Arqueava as sobrancelhas e espichava o queixo para a frente, debruçado sobre a mesinha e tão próximo de mim a ponto de inundar-me com o hálito morno de café e tabaco.

Estava lá a nossa turma marchando, professor, naquela esbórnia delirante do toca, toca o pau no Bielski.

E contou que estivera no colégio no dia anterior e aquela história, que só consegui perceber na amplitude de sua significação tempos depois, após relacioná-la com outras histórias e outras perquirições que viriam, por fim, devastá-lo e redimi-lo a um só tempo.

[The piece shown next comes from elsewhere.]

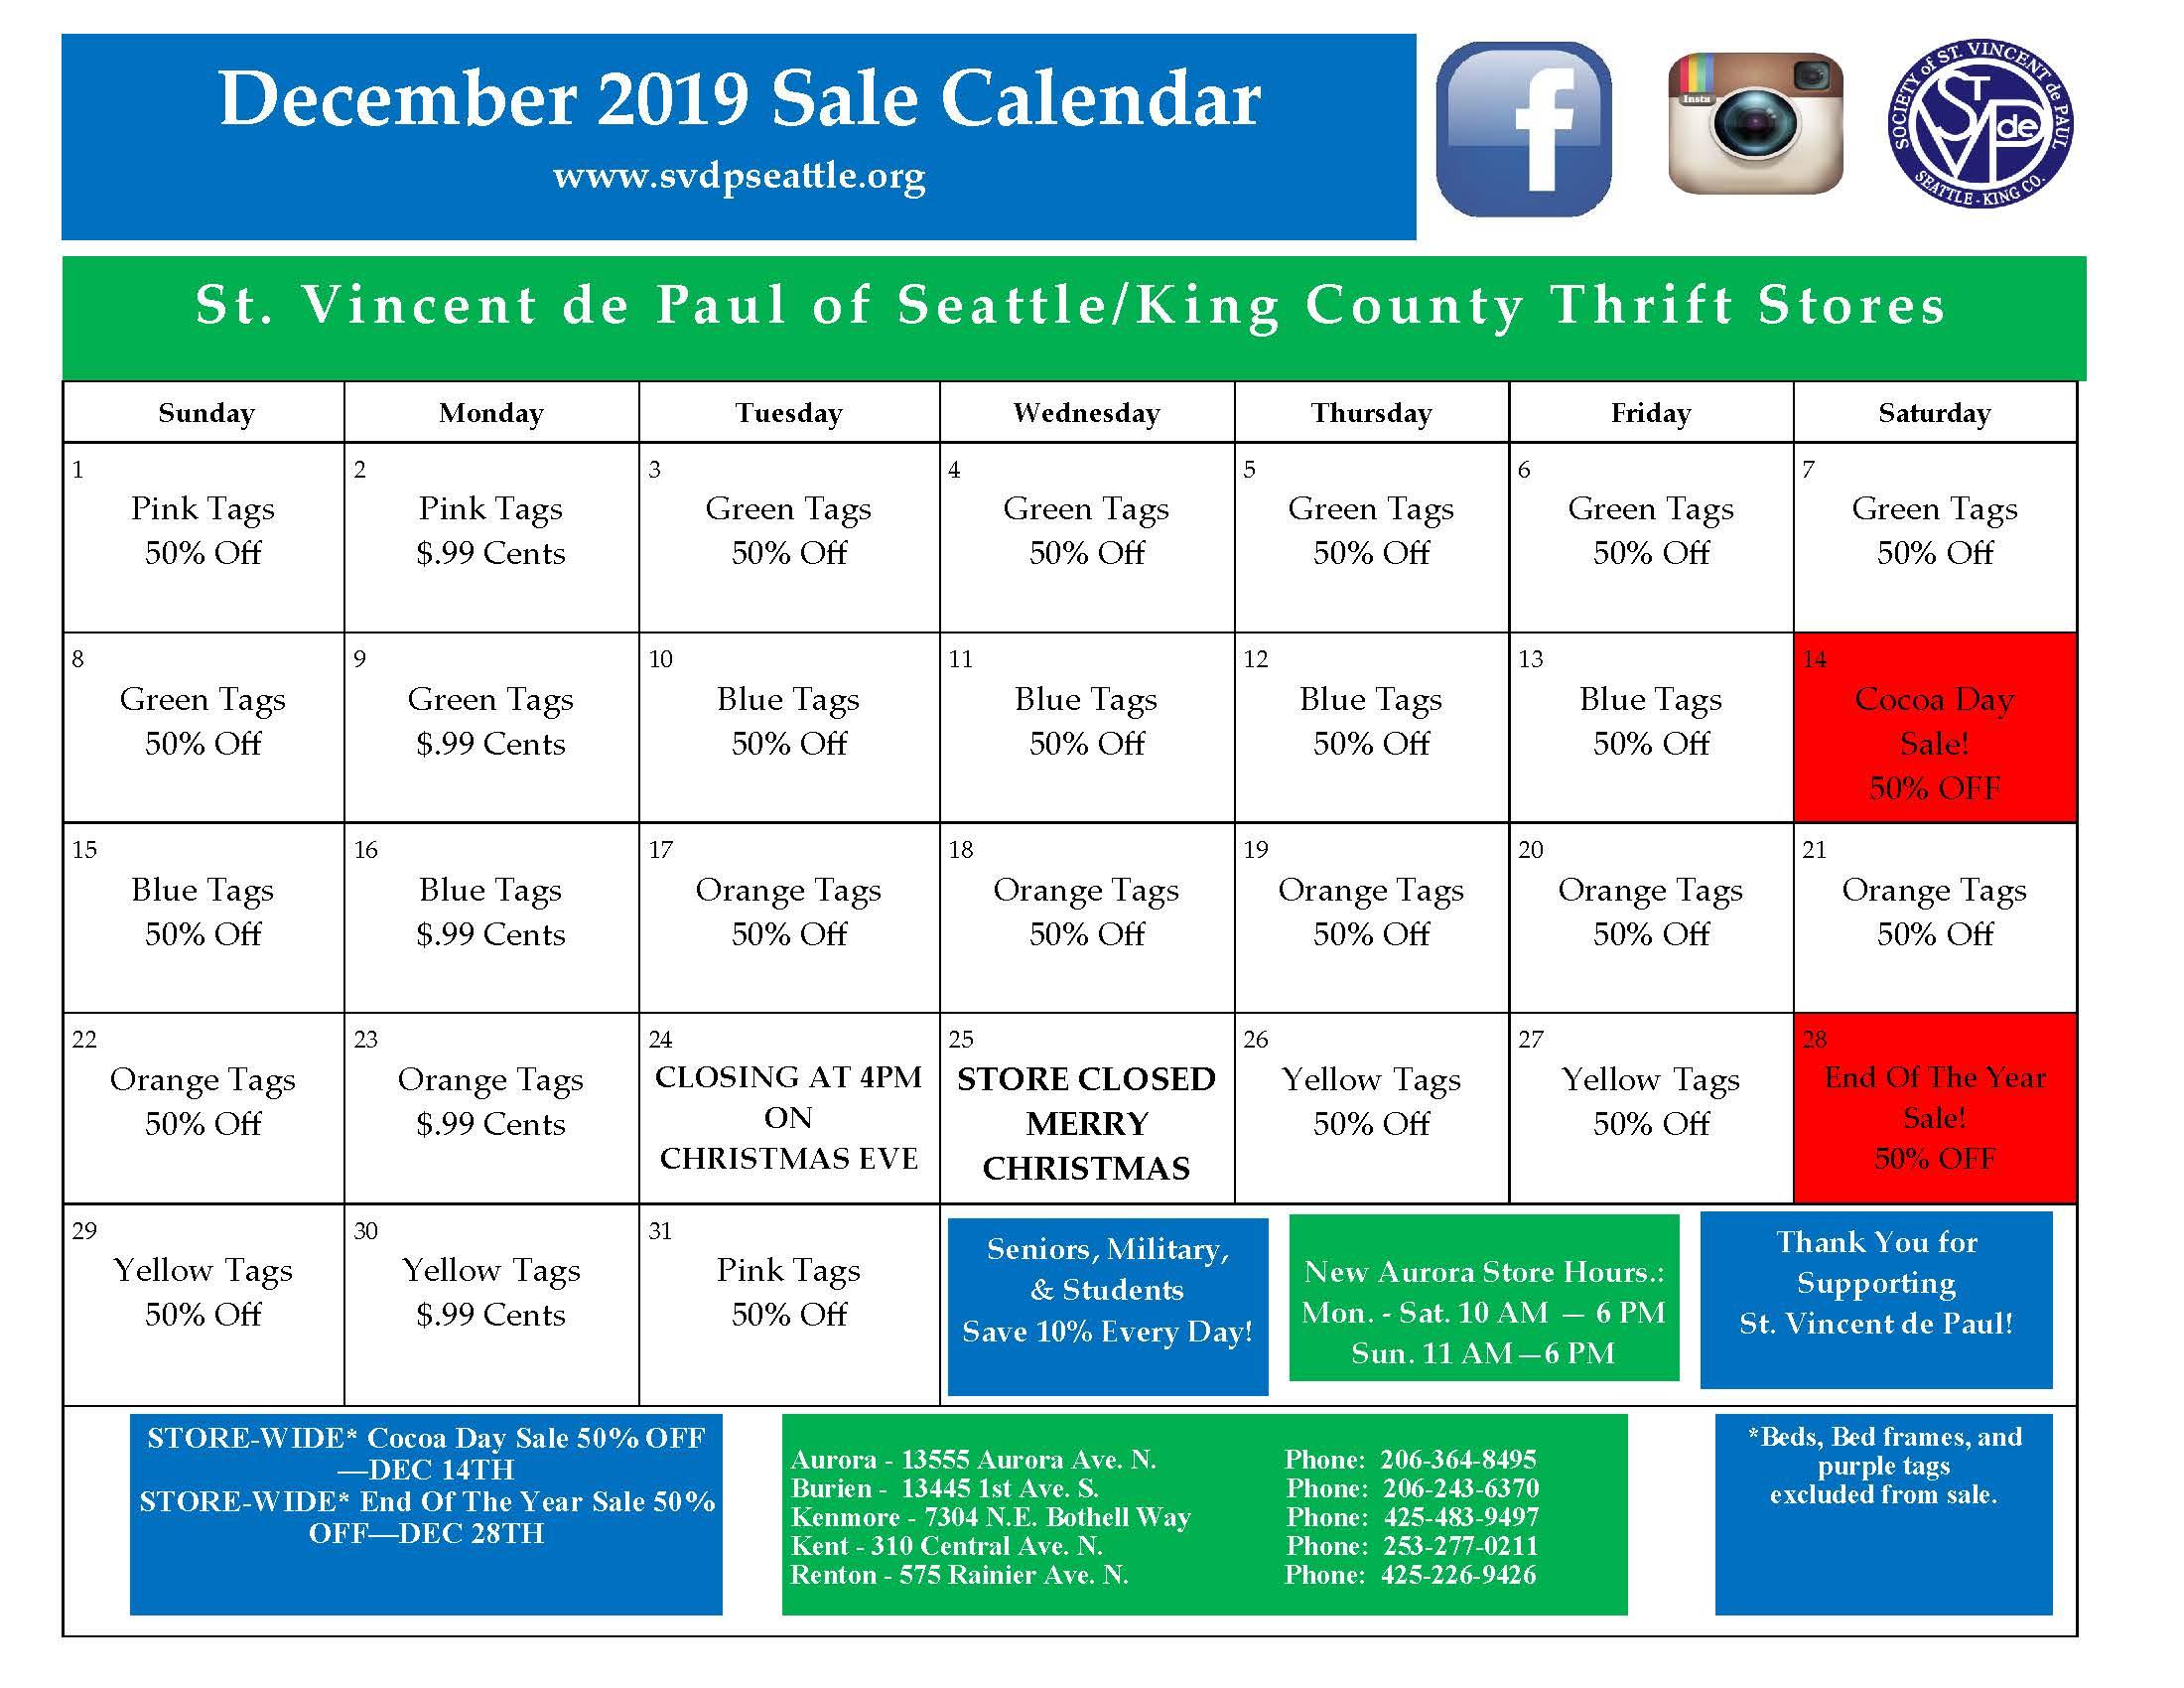 Calendar December 2019 final 12-4-19 JPEG

Ei, professor, escreva aí!, você vivia dizendo. Acho que foi uma das tantas coisas que herdou do Manoel José João de Souza. O Manoel José João de Souza! Fiapo de magro, empertigado e agastadiço, afogando-nos nas matemáticas e, vez por outra, em normas de conduta. Tempos atrás o encontrei num supermercado. Vislumbrei-o à  distância, velhinho espetado esquadrinhando prateleiras. Fiz questão de chamá-lo pelo nome completo, atestando memória e consideração. Professor Manoel José João de Souza! A voz trovejou exagerada feito comando militar, como ele gostava. E gostou. Perguntou por você, gaguejei notícia vaga.

Entre uma equação e outra !“ lembra-se? !“ ele dava aqueles passinhos curtos sem sair do lugar, ajustava a posição das calças com as costas das mãos para não manchá-las de giz, esticava o pescoço como que para aliviá-lo da pressão do colarinho e proferia sentenças. Prefiro que me chamem de professor que de doutor, dizia. Mais honroso. E chamava todos de professor, inclusive alguns dos seus alunos. Acho que foi daí que você pegou o hábito. Professor pra cá, professor pra lá. Ei, professor, escreva aí!

Lau estava mais inquieto que de hábito. Seu rosto emagrecia assustadoramente quando chupava as bochechas e arregalava os olhos ao sugar a fumaça do cigarro preso a dedos amarelados pela nicotina, agitando-se dentro do paletó folgado cujas ombreiras arriavam sobre os braços. Gesticulava com extravagância, vez por outra socava a pequena mesa, provocando marolas no café. Por pouco não arremessou ao chão a penca de livros de matemática e a pasta abarrotada de provas a corrigir que eu deixara sobre a mesa. No esforço da narrativa, esmerando-se por nos conduzir à  zoada daquelas marchas insubmissas, a respiração ofegava e, de quando em quando, tossia convulsivamente. O café estava atopetado e garçons cruzavam com habilidade de equilibristas os espaços exíguos entre as mesinhas, servindo aqui e ali, cobrando, anotando pedidos. Falava-se muito alto, o vozerio fervilhante quase impedia que se conversasse.

E aí, professor? Lau com as sobrancelhas arqueadas e o queixo espichado para a frente, e eu respirando seu hálito morno de café e tabaco e observando os espasmos do rosto afogueado. Então recordamos como marchávamos, farreando, naqueles finais de tarde, exagerando o vigor juvenil com que socávamos o chão de pedrinhas britadas com a potência dos nossos ásperos coturnos, erguendo poeira e mandando tocar o pau no Bielski.